The node appears on the cluster, but with a red sign:
1669297140429.png

And now when restarting the node, the proxmox install is borked. No GUI. I have to manually enter in the CLI this to recover the proxmox GUI:
Code:
systemctl stop pve-cluster
systemctl stop corosync
pmxcfs -l
rm /etc/pve/corosync.conf
rm -r /etc/corosync/*
killall pmxcfs
systemctl start pve-cluster

Then I can enter the GUI again. But also the "local" and "local-zfs" have merged and only have "local" now. But the options of the "local-zfs" have merge into local (this is really weird to be honest).

What could be wrong? Is this a latency problem? I can add shared storage into Node 3 from the Node1 LAN with no problem.
Even if the performance is not really good I would like to try it.

Thanks a lot!
This are my first steps with Proxmox and my idea is to be able to have a redundant VM and/or Containers so if my node 1 fails, node 3 can take over.
 
Last edited:
All nodes need to be in the same layer 2 network.
Hmmm so essentially behind the same router without going out to the internet right? (I'm sorry for my network skills)
Is this a corosync limitation? any way around it? latency is not that high I think
 
You can bridge Layer 2 networks through a VPN between two routers.
My routers does not allow to install VPNs as they are the ISP default routers and are very limited, I can basically forward ports and that's it. And the ISP does not allow/provide to install other router (not even using theirs in bridge mode).
So I'm limited to to installing/using VPN's in the devices networks. I don't know if that would work.
 
If that's a meshed VPN setup where all nodes see each other in the same IP network it may work. Corosync is using unicast UDP packets for the cluster communication.
I'm trying to set that that "meshed" setup but seems like it needs Static Routing in the router to be able to do it. I'm following this https://forums.unraid.net/topic/88906-lan-to-lan-wireguard/ as it seems like "Lan to Lan Access" would be what's needed.
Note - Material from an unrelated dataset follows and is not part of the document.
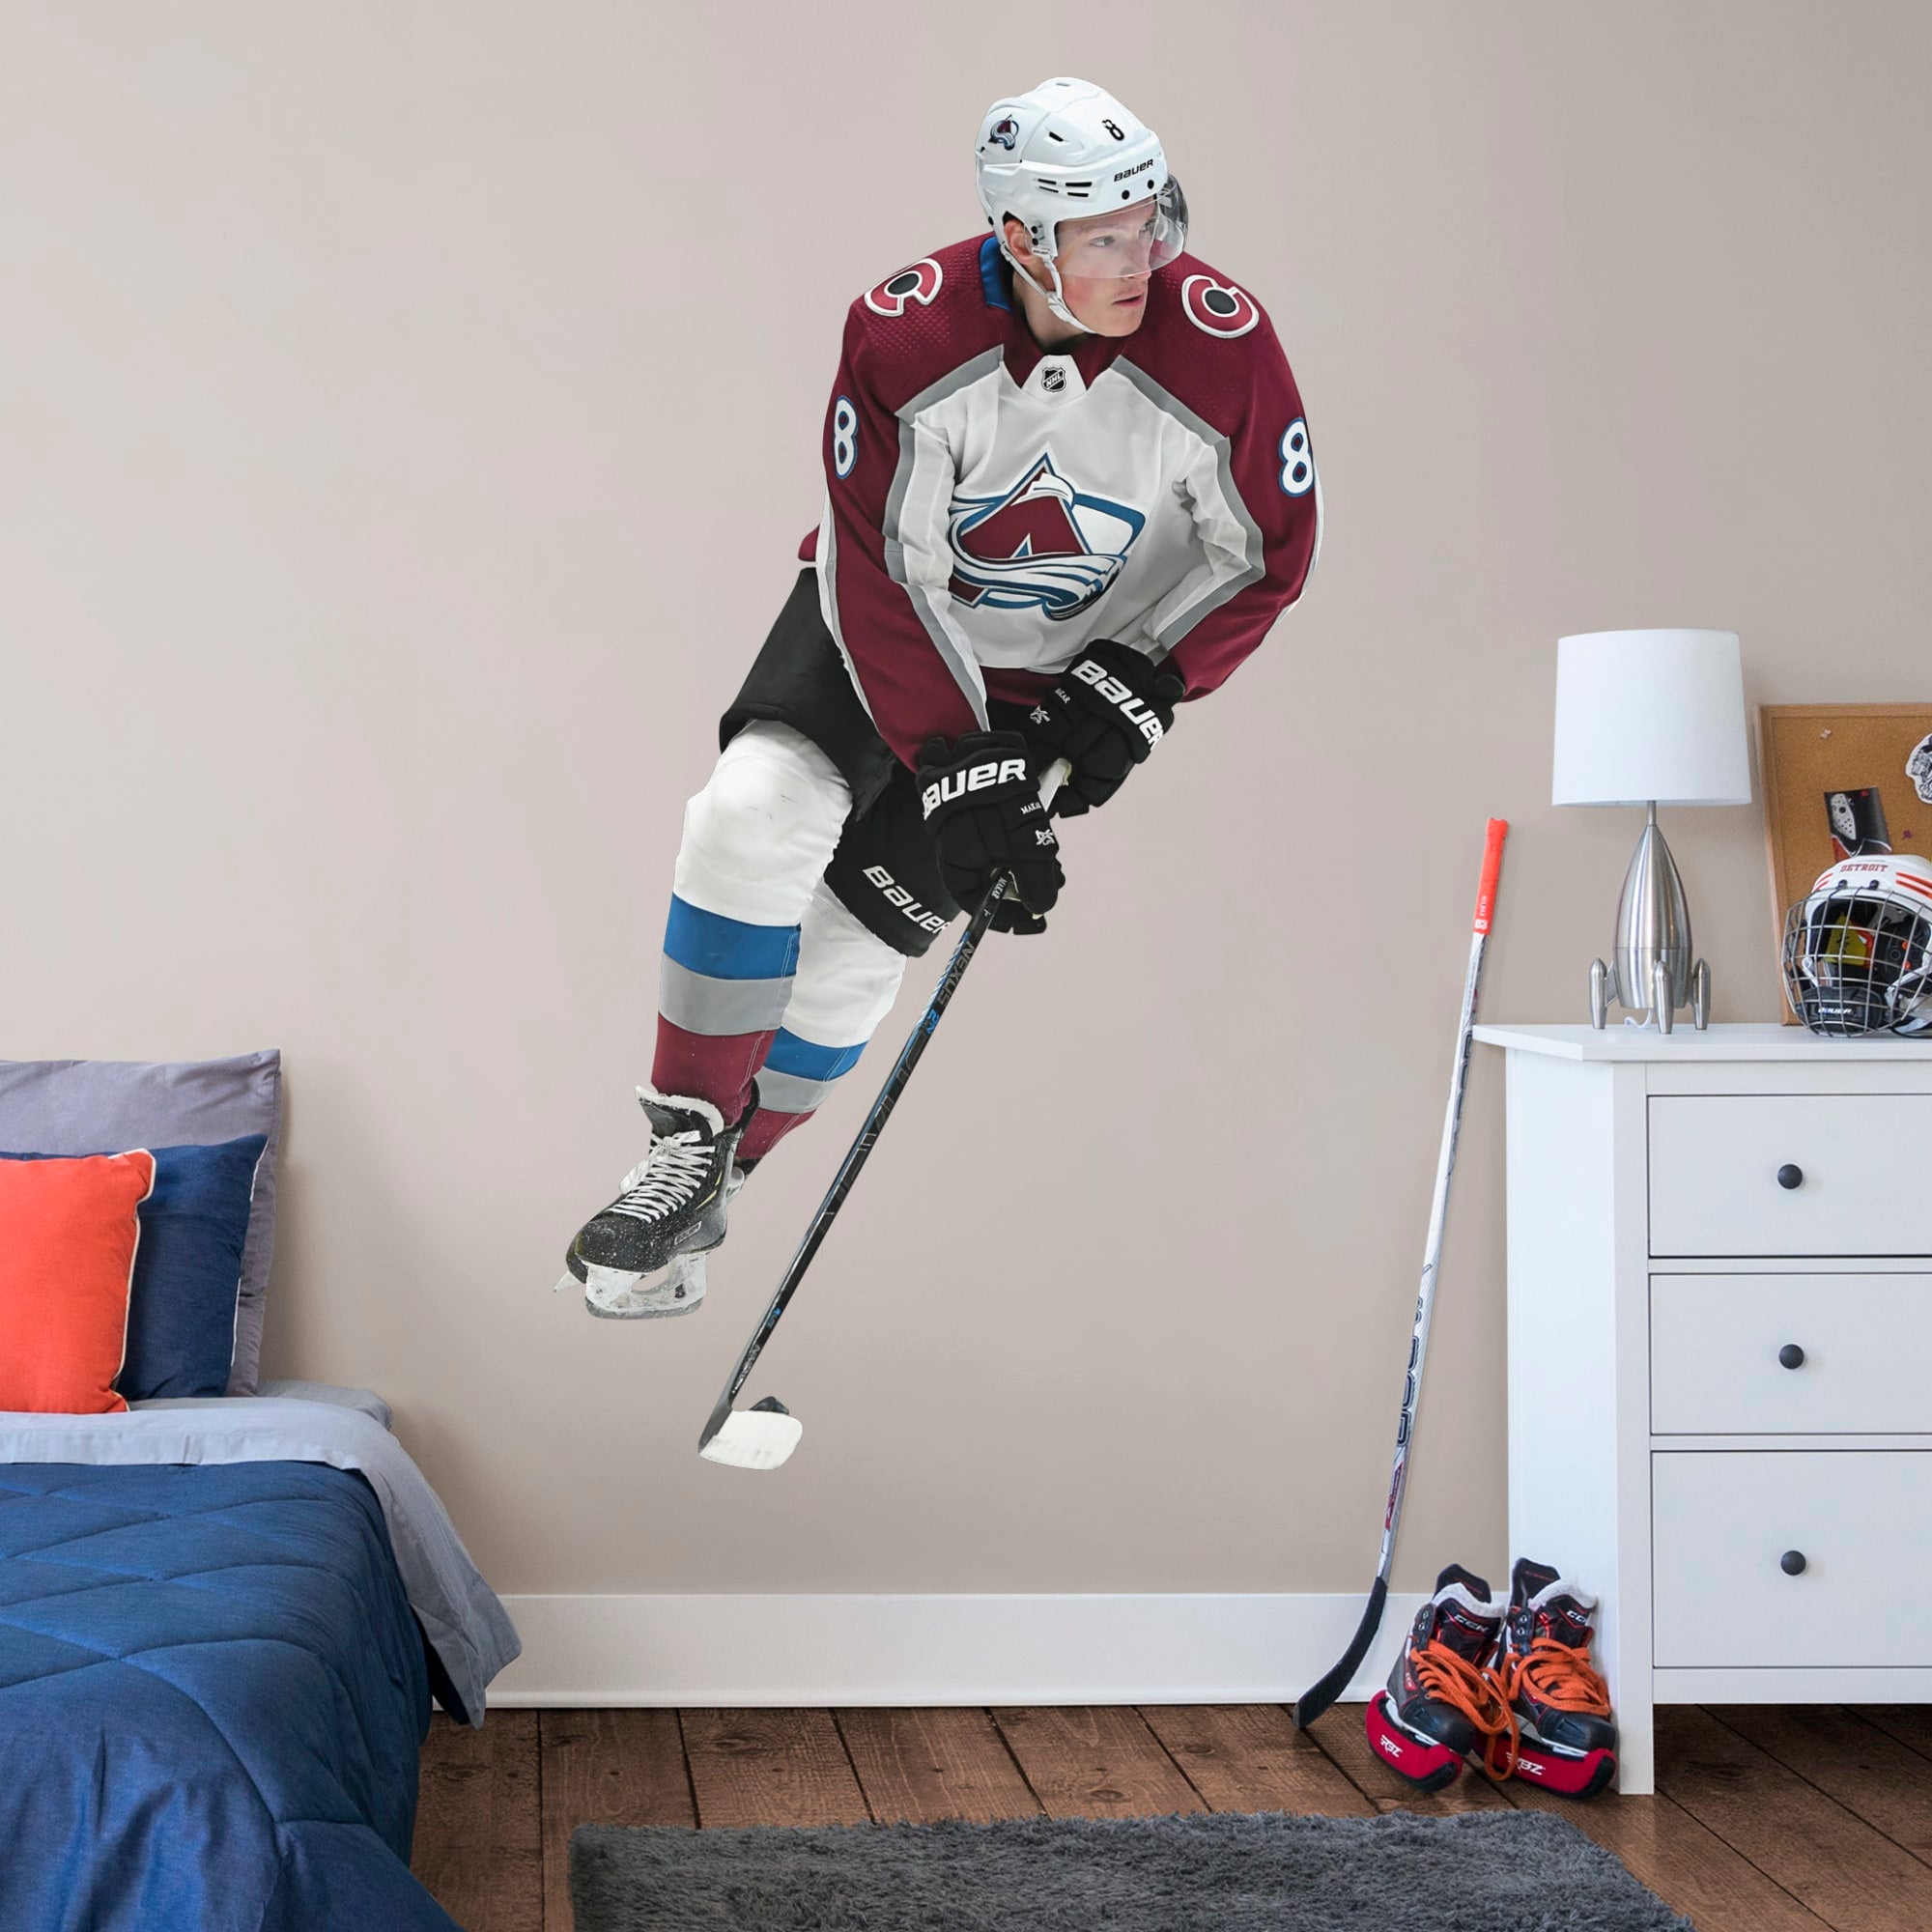 Cale Makar for Colorado Avalanche - Officially Licensed NHL Removable Wall Decal Life-Size Athlete + 2 Team Decals (43"W x 78"H)

My router does not allow static routing :(

I can just do Remote to Lan or Remote tunneled, but no LAN to LAN as it requieres static routing in the Routers:
1669368842244.png
 
Hello !
Have a look to VPN tinc, it's a mesh VPN than you can install on your Proxmox machine then you will only need to NAT the right port on your router.
I didn't try yet this, but it's what I'm gonna try soon

There is some tutorial, here an example :
https://silicon.blog/2022/06/06/create-proxmox-cluster-over-a-private-network-using-tinc/
This sounds awesome. Weird that I didn't find this article as I've search some much how to do this, and by the title this seems to be exactly what I need. A mesh vpn is what I need if that's what I think it means.
I'll check it out and report. Thanks!
 
Hi,

Be aware, what you want, and be sure that truly understood the implication of any setup do you want to use(tinc or whatever).

Some ideas!
- keep in mind always what do you need to solve(by the way I do not understood what do you try to solve, I only guess, but maybe a 3 node cluster is not the right solution for your case)
- find at least 2 different solutions, and test each of them

Let imagine that you need to create a 3 nodes cluster ..... OK!

A)
- for tha,t as other posts say in this thread you need only a vpn from site A(2 nodes) and site(1 node)
- this can be done with one single routed vpn(a vpn endpoint on A. on any device do you have here, and the B vpn endpoint - any of this endpoints will must be capable to route trafic from A side to B side in both directions)
- so routing must be done on this endpoints an not on your border routers who are present in A or in B(is not ideal, but is possible)
- it is not important what kind of vpn do you want to use(but must be secure, AND the implementation must be also secure - keep in mind this)
B)
- another case is a "switch" vpn(aka tinc)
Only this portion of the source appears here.